Il faut noter que, lorsque des rectifications sont effectuées à raison des sommes figurant sur un ou plusieurs contrats de capitalisation ou placement de même nature qui auraient dû être déclarés en application de l'article 1649 AA du CGI, le supplément d'impôt y afférent est alors assorti d'une majoration de 80 %, en application de l'article 1729-0 A, I-b du CGI.
De même, aux termes de l'article 1766 du CGI, le défaut de déclaration est sanctionné par une amende égale à 1 500 € par contrat non déclaré, ou 10 000 € lorsque l'obligation déclarative concerne un État ou territoire qui n'a pas conclu avec la France une convention d'assistance administrative en vue de lutter contre la fraude et l'évasion fiscales permettant l'accès aux renseignements bancaires.

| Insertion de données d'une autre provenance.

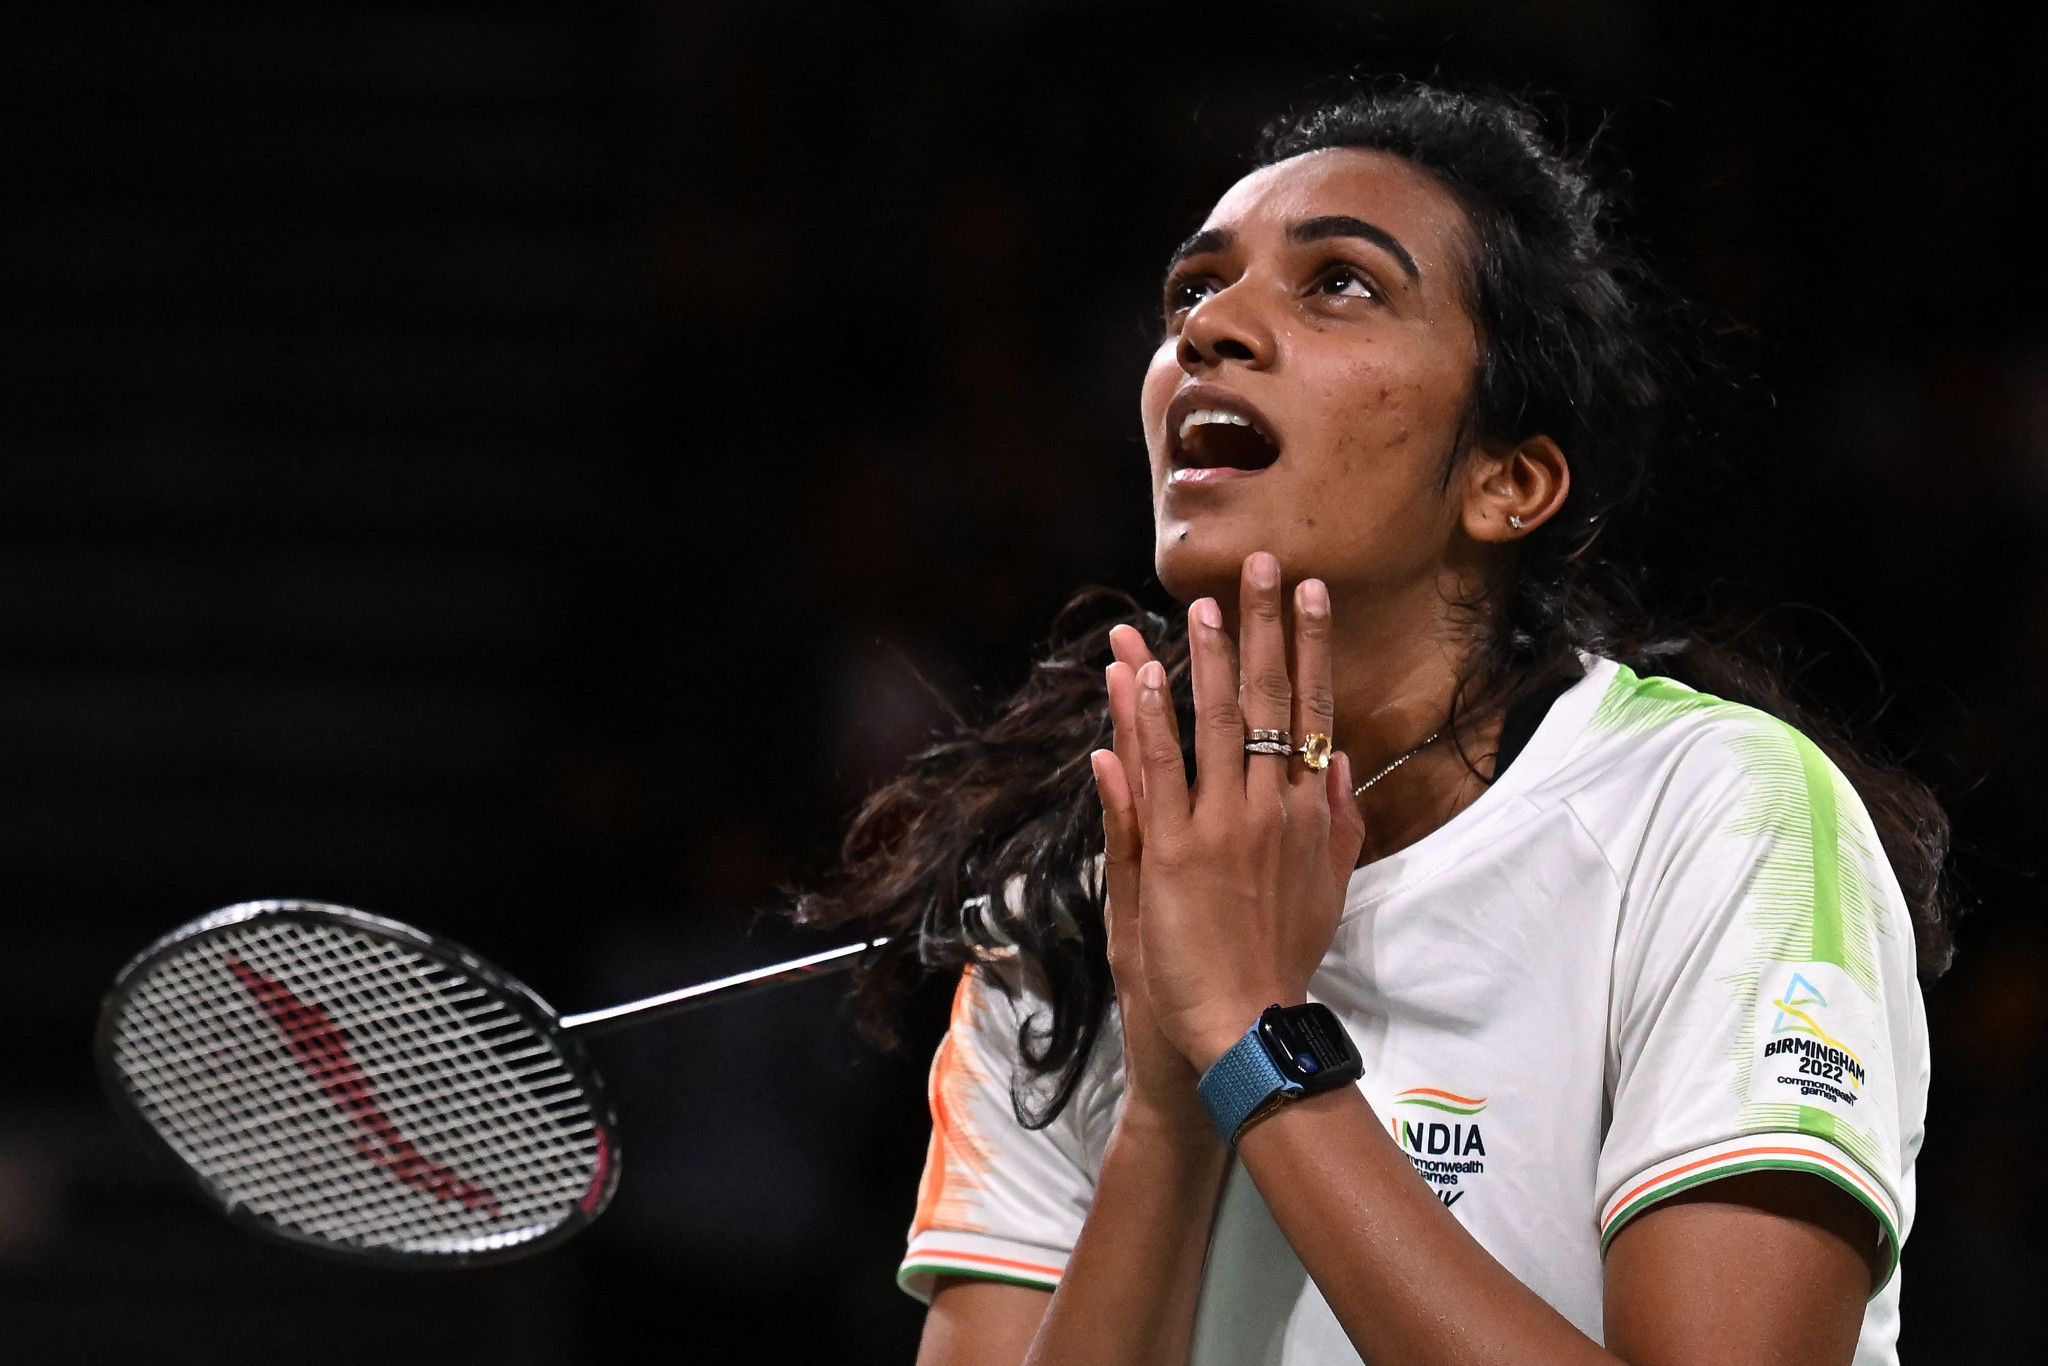 PV Sindhu finally took gold in the women's singles at the Commonwealth Games ©Getty Images

En ce qui concerne les comptes détenus à l’étranger, que depuis le 1er janvier 2019, doivent être déclarés les références des comptes ouverts, détenus, utilisés ou clos à l’étranger ; la nouvelle rédaction de l’article 1649 A, issue de la loi n°2018-898 du 23 octobre 2018, étant la suite : "les personnes physiques, les associations, les sociétés n’ayant pas la forme commerciale, domiciliées ou établies en France, sont tenues de déclarer, en même temps que leur déclaration de revenus ou de résultats, les références des comptes ouverts, détenus, utilisés ou clos à l’étranger". Il résulte donc de cette nouvelle rédaction que les comptes n’enregistrant que l’inscription des intérêts des sommes en dépôt et le paiement de frais de gestion sont désormais au nombre des comptes devant être déclarés.
Selon le BOI-CF-CPF-30-20 n° 85, les comptes financiers détenus à l’étranger, adossés à un compte ouvert en France et destinés à réaliser des transactions en ligne (achats ou ventes de biens), n’ont pas à être déclarés, sauf ceux sur lesquels des encaissements liés à des ventes excèdent 10.000 € par an.
En ce qui concerne les banques en ligne, dont les usagers peuvent ignorer que les comptes utilisés sont situés à l'étranger, l’administration estime qu'il ne peut être dérogé aux dispositions imposant la déclaration des comptes.
Il est à noter également qu’aux termes des dispositions de l’article L.188 du LPF, alinéa 2, les amendes fiscales sont prescrites à l’expiration de la 4ème année suivant celle au cours de laquelle les infractions ont été commises.
Lorsque les obligations déclaratives ne sont pas respectées, l’administration envoie au contribuable une lettre 751 ayant pour objet « Amendes pour non déclaration de comptes bancaires détenus à l’étranger ».
La lettre rappelle les dispositions des articles 1736-IV-2, 1649 A et 1649 A bis du CGI, celles des articles 344 A et 344 B de l’annexe III au CGI, celles de de l’article L.188 alinéa 2du LPF, et indique que le contribuable n’a pas rempli ses obligations déclaratives alors qu’il apparaît qu’il est bénéficiaire de comptes bancaires détenus étrangers.
La lettre indique le montant total de l’amende, en fonction du nombre de comptes en question, et précise au contribuable qu’à compter de la réception du document, il dispose d’un délai de trente jours pour présenter ses observations, conformément aux dispositions de l’article L80 D du livre des procédures fiscales, et que passé ce délai, et sauf acceptation des observations éventuelles, les majorations seront mises en recouvrement.
Il faut noter, pour finir, que l’article L 169, 5e al., du LPF fixe à dix ans, au lieu de trois ans dans le droit commun, le délai de reprise en cas de non-respect des obligations déclaratives prévues à l’article 1649 A du CGI. Toutefois, cette extension de délai ne s’applique pas lorsque le contribuable apporte la preuve que le total des soldes créditeurs de ses comptes à l’étranger est inférieur à 50.000 € au 31 décembre de l’année au titre de laquelle la déclaration devait être faite.